At a glance: The official dbt-labs/dbt-mcp server gives AI agents comprehensive access to dbt’s full data transformation stack — 50+ tools across 9 categories including SQL execution, natural language to SQL conversion, semantic layer queries, 19 Discovery API tools for model lineage and health, 11 dbt CLI commands, job orchestration, and YAML code generation. Open source under Apache-2.0 with 561 GitHub stars, 119 forks, and weekly releases reaching v1.19.1 as of May 14, 2026. Free to use for dbt Core (open-source) local workflows; cloud-connected features require a paid dbt Cloud subscription. There are important gotchas around pricing and the text_to_sql tool that every user should read before deploying.
dbt (data build tool) is the de facto standard for SQL-based data transformation in modern data stacks. Maintained by dbt Labs, the open-source dbt-core project has become the transformation layer of choice in analytics engineering, pairing with ELT tools like Airbyte and Fivetran and warehouses like Snowflake, BigQuery, and Redshift. The MCP server ships with an OpenSSF Best Practices badge and a community Slack channel (#tools-dbt-mcp), signaling dbt Labs treats this as a production-grade integration rather than an experiment. Part of our ETL & Data Integration category.
What dbt Is
dbt (data build tool) is a SQL-first data transformation framework that lets analytics engineers write SELECT statements and dbt handles the rest — creating tables/views, managing dependencies, testing data quality, and generating documentation. It sits at the T in ELT: after raw data lands in your warehouse (via tools like Airbyte or Fivetran), dbt transforms it into analysis-ready models.
Two deployment flavors:
- dbt Core — open source, self-hosted, runs via CLI. Free to use. Manages transformations locally against your data warehouse.
- dbt Cloud — hosted SaaS platform adding orchestration (scheduled job runs), a web IDE, the Semantic Layer (metric governance), Discovery API (metadata queries), and the Explorer UI. Requires a paid subscription for API access.

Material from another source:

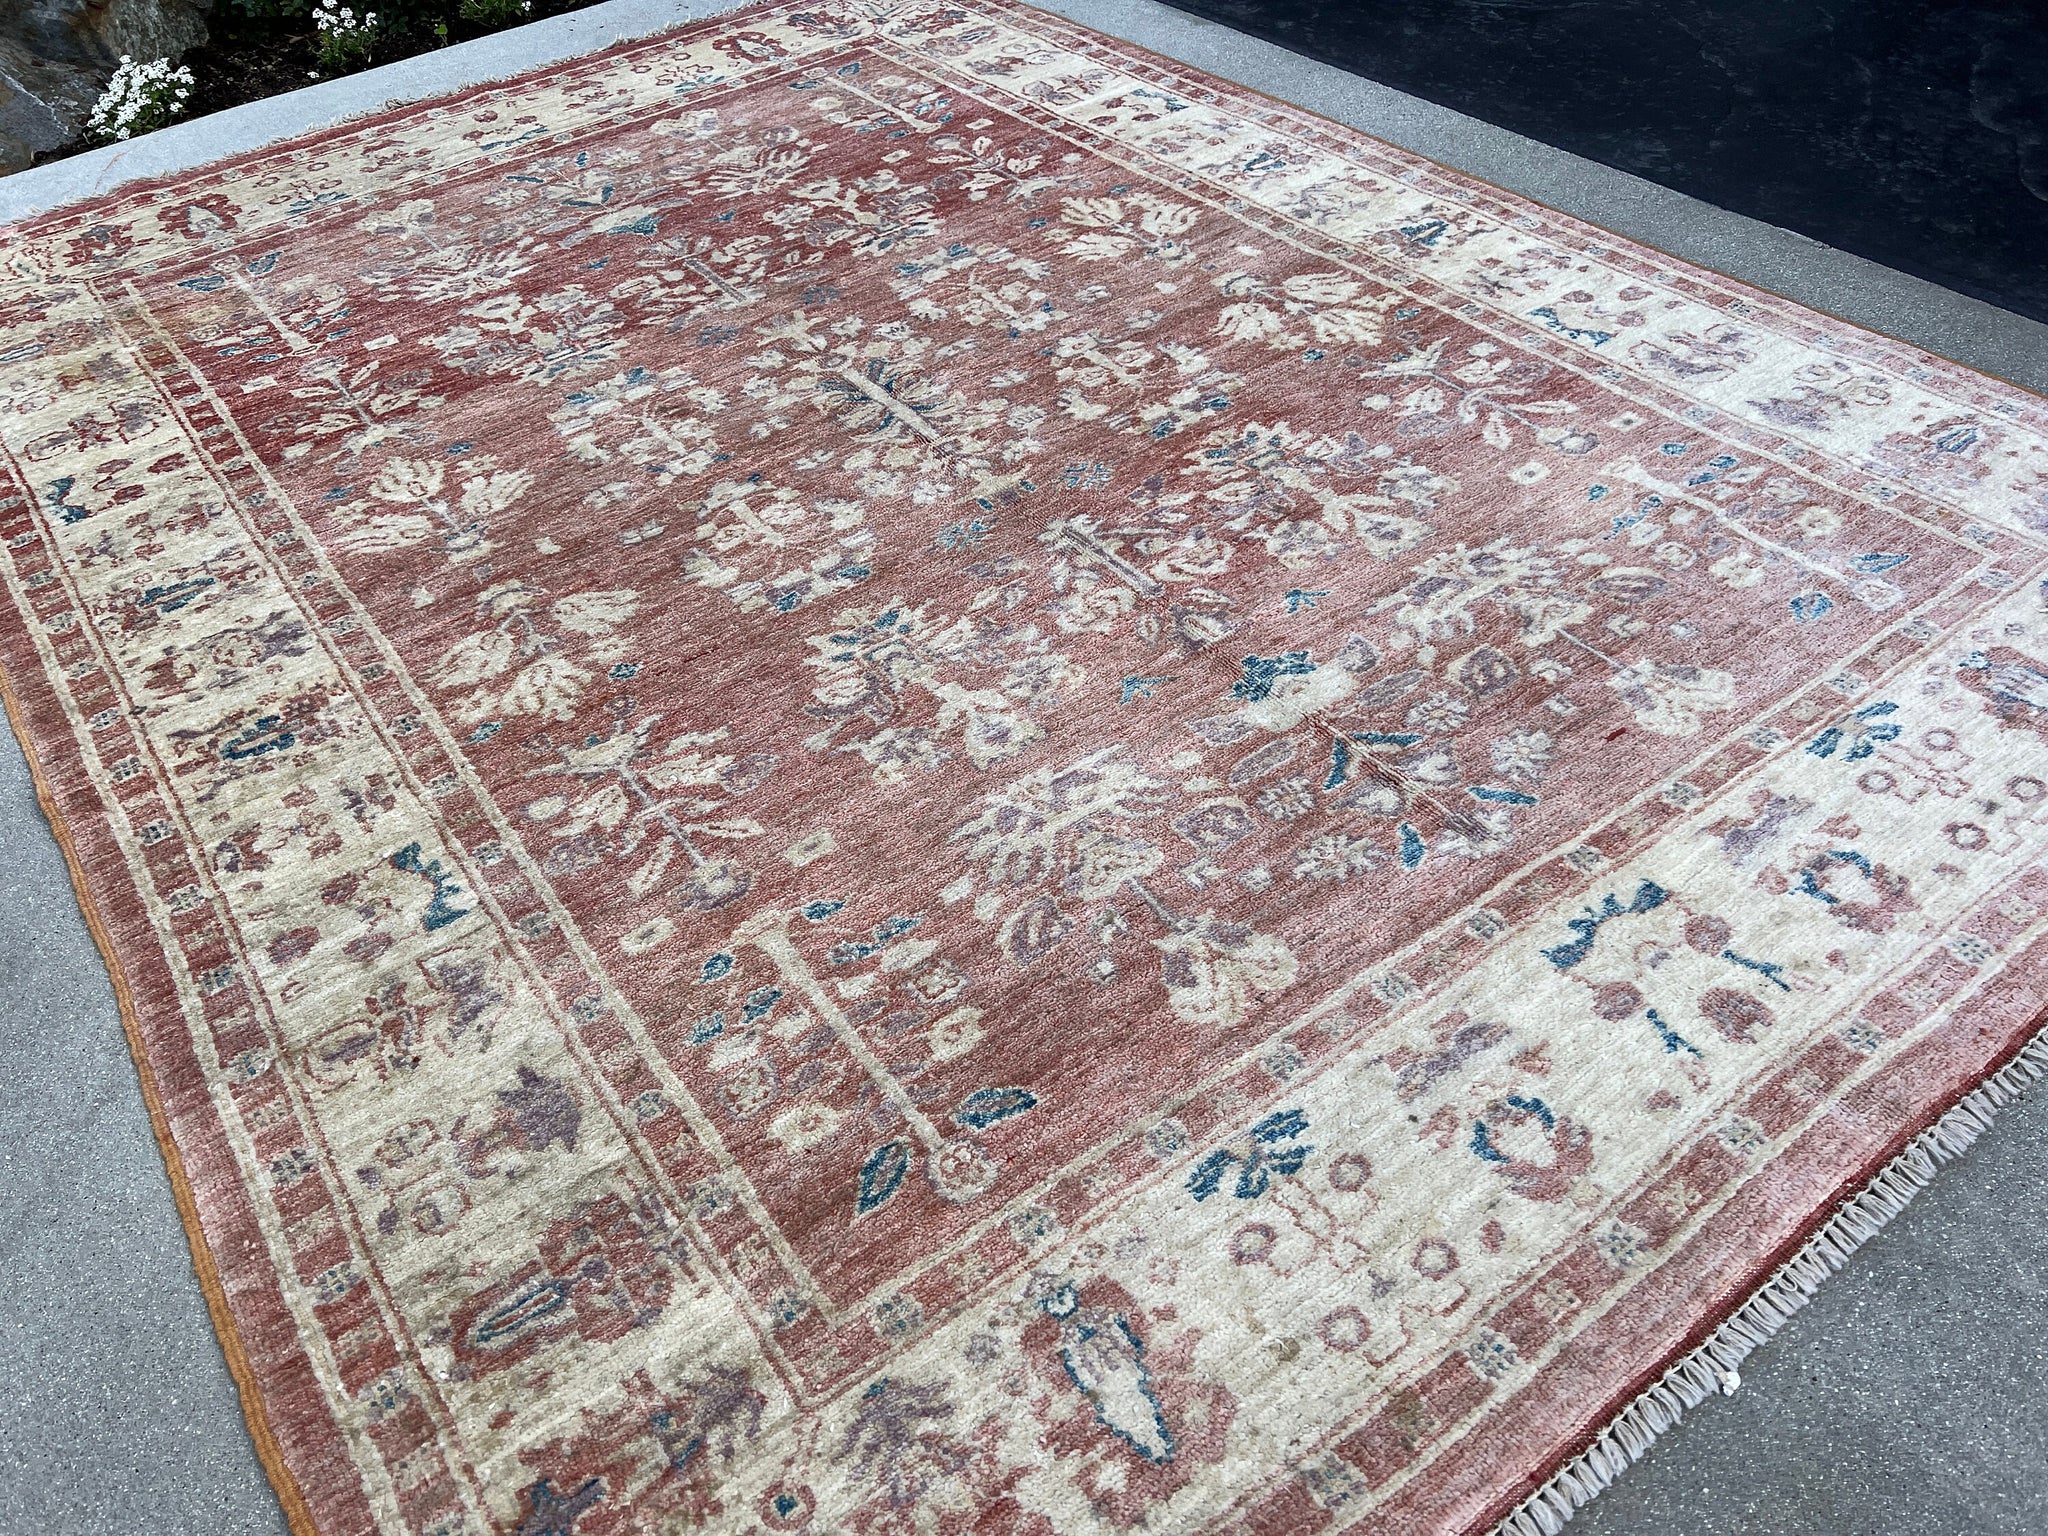 6x8 (180x245) Vintage Handmade Afghan Rug | Muted Coral Salmon Pink Cream Beige Teal Tan Caramel | Hand Knotted Oriental Floral Wool Persian

The dbt Semantic Layer deserves particular attention: it’s a governed layer that defines metrics (revenue, active_users, churn_rate) once in YAML and makes them queryable consistently across BI tools and AI agents. This is a strong differentiator for agentic use cases — agents can query list_metrics and query_metrics against a single source of truth rather than reverse-engineering SQL logic from raw tables.
dbt platform scale:
dbt Core is used by hundreds of thousands of data teams. The GitHub repository has tens of thousands of stars. The dbt Community Slack has over 70,000 members. dbt Cloud is a commercially successful SaaS product.
Installation
Via uvx (recommended):
uvx dbt-mcp
Via pip:
pip install dbt-mcp # Requires Python >=3.12, <3.14
Via Docker:
docker pull ghcr.io/dbt-labs/dbt-mcp:latest
The Docker image runs as a non-root appuser, uses Python 3.12-slim as its base, and defaults to STDIO transport (MCP_TRANSPORT=stdio). No ports are exposed by default — it communicates over stdin/stdout, making it appropriate for Claude Desktop integration.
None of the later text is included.